John hatte bereits jemanden im Sinn und wahrscheinlich auch im Herzen. Er hatte Pläne und näherte sich einer bestimmten jungen Frau, einer jungen Frau, die anders war als alle anderen, schlicht, liebenswert...
Doch seine Mutter redete weiter, ohne ihm die Gelegenheit zu geben, etwas zu sagen.
„Denk gut darüber nach, mein Lieber. Sie wird von dir keine Liebe oder Hingabe verlangen können. Alles, was du tun musst, ist, drei Jahre lang verheiratet zu bleiben, was, seien wir ehrlich, kein Opfer wäre.“ Martha sprach mit Stolz und betrachtete ihren Sohn voller Bewunderung.
John war groß, 1,85 Meter, und hatte eine athletische Statur, die durch jahrelanges Training im Fitnessstudio geformt war. Sein markantes, kantiges Gesicht, das feste Kinn, die wohlgeformten Lippen, die intensiven schwarzen Augen und das dichte schwarze Haar und die Augenbrauen verliehen ihm ein imposantes und unwiderstehliches Aussehen. Er brachte jede Frau zum Seufzen.
„Welches Mädchen aus der High Society würde nicht davon träumen, dich zu heiraten?“, fuhr Martha fort. „Aber wir hielten es für klüger, jemanden außerhalb unseres Kreises auszuwählen, jemanden unterhalb unserer Standards, der diese Ehe im Austausch gegen eine großzügige Entschädigung akzeptieren würde und uns später keine Probleme bereiten würde.
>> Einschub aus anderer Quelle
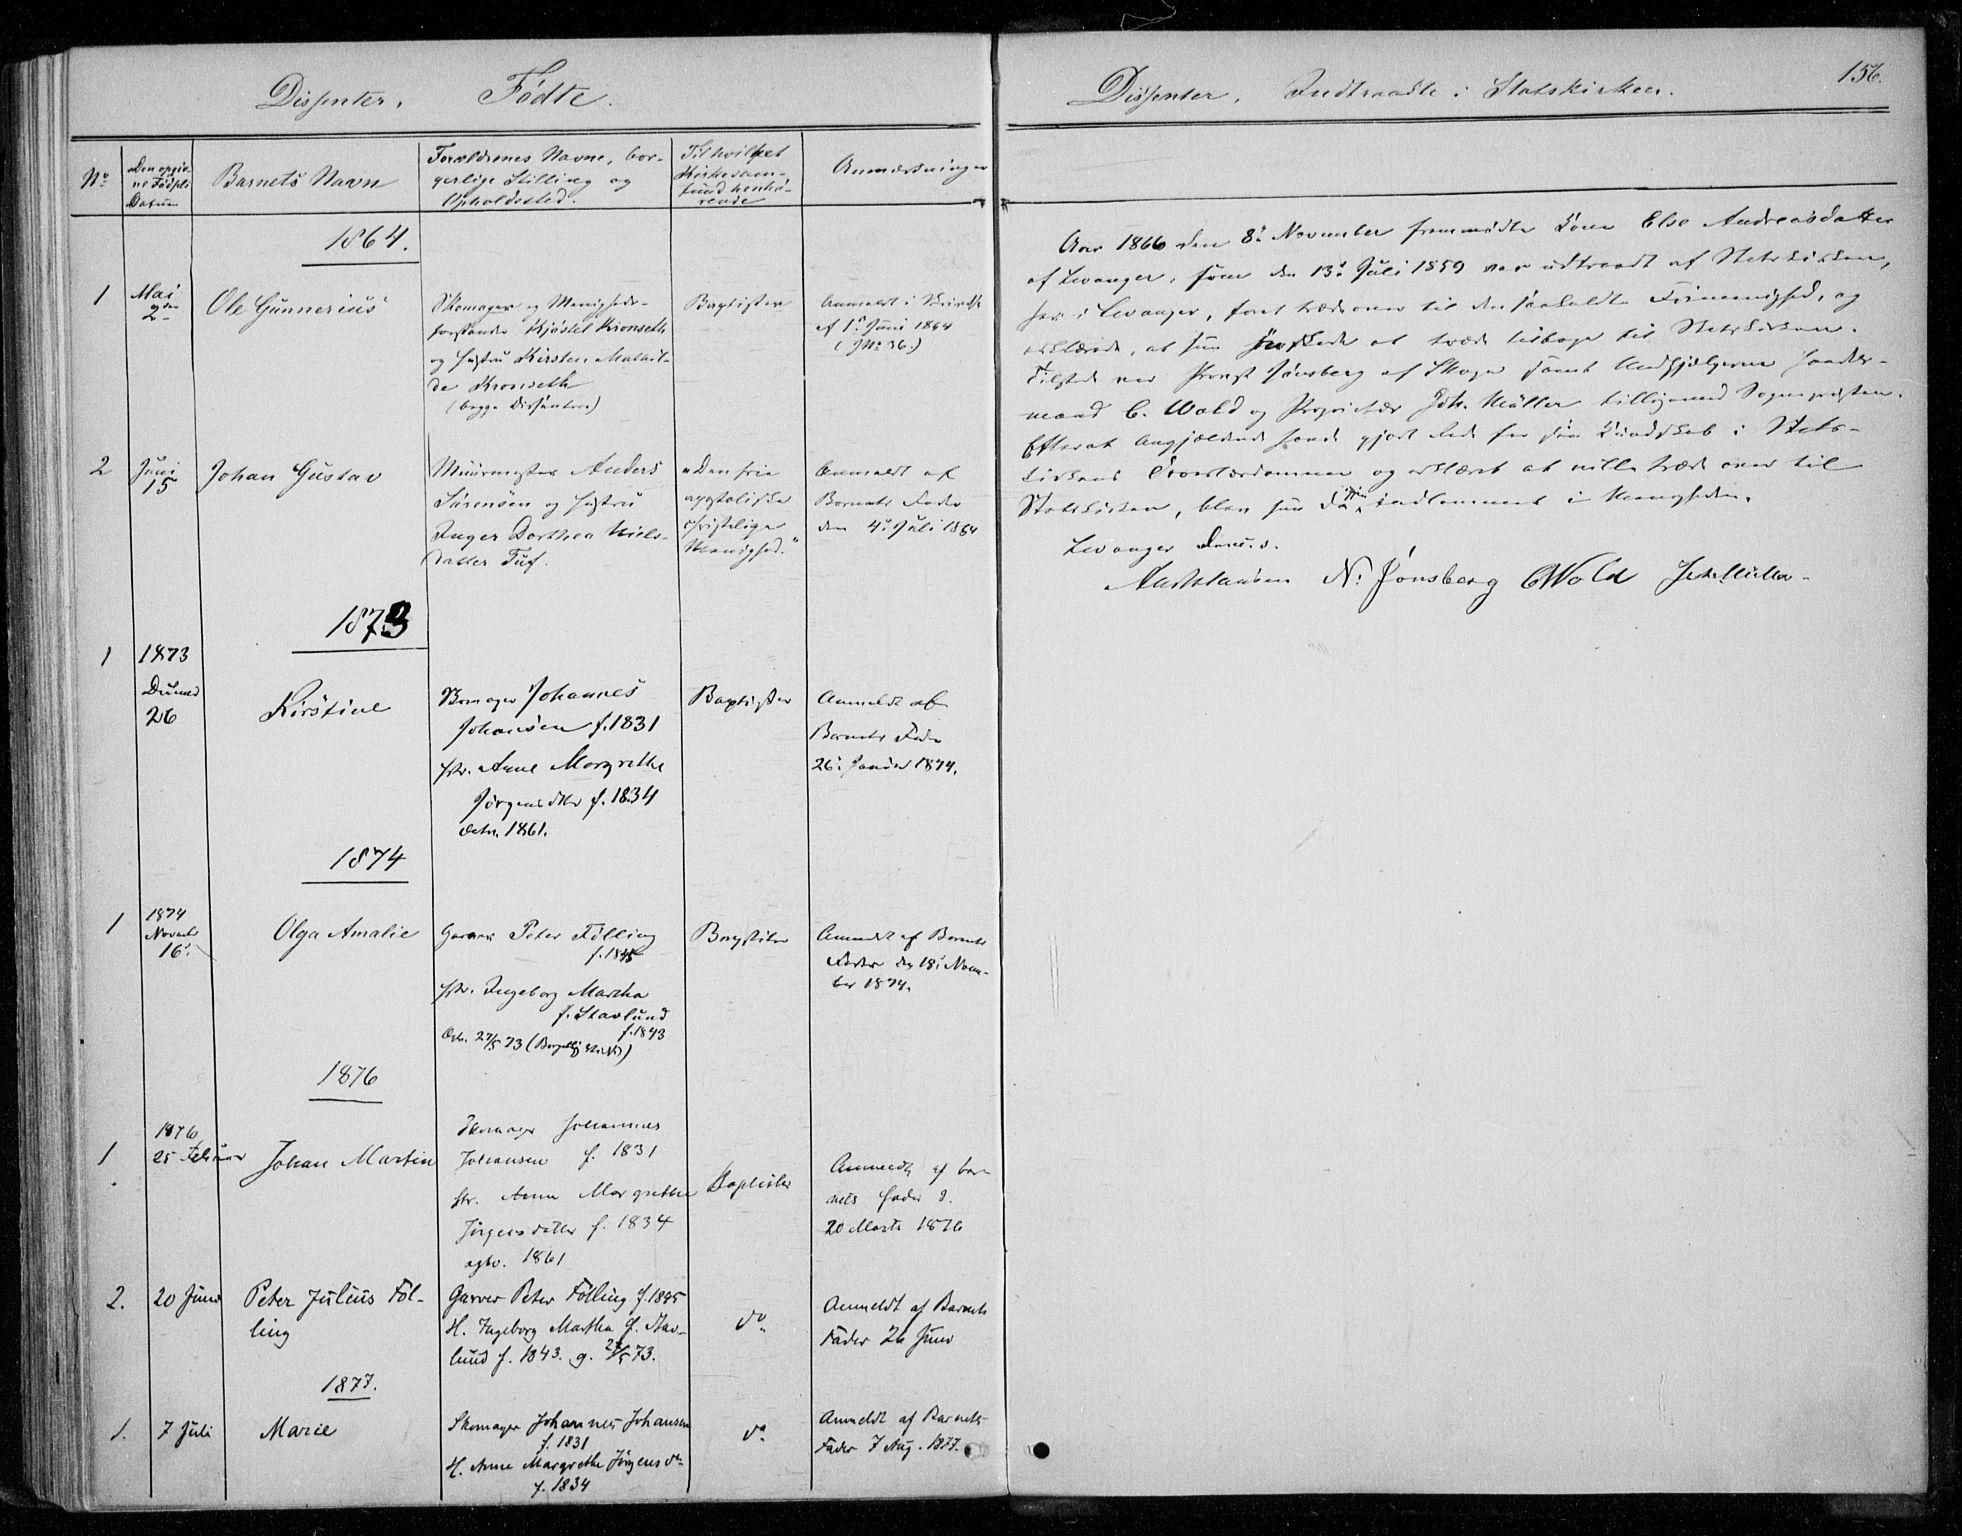 SAT, Ministerialprotokoller, klokkerbøker og fødselsregistre - Nord-Trøndelag, 720/L0186: Ministerialbok nr. 720A03, 1864-1874, s. 156

Deshalb haben wir Elizabeth Stewart ausgewählt.“
Der Name schlug wie eine Bombe in Johns Brust ein.
„Wer? Wen hast du gesagt?“
„Elizabeth Stewart. Erinnerst du dich an sie? Diese schüchterne junge Frau, die Tochter eines Kleinunternehmers. Die Firma ihrer Eltern steht kurz vor dem Bankrott. Diese Ehe würde die Familie retten. Im Gegenzug würde die Familie einen kleinen Anteil an den Gewinnen erhalten, der ihnen nach unseren Maßstäben ein bescheidenes, aber komfortables Leben ermöglichen würde, sowie eine Abfindung in Höhe von einigen Millionen für sie nach der Scheidung. Eine perfekte Vereinbarung.“
John spürte, wie sich sein Magen umdrehte.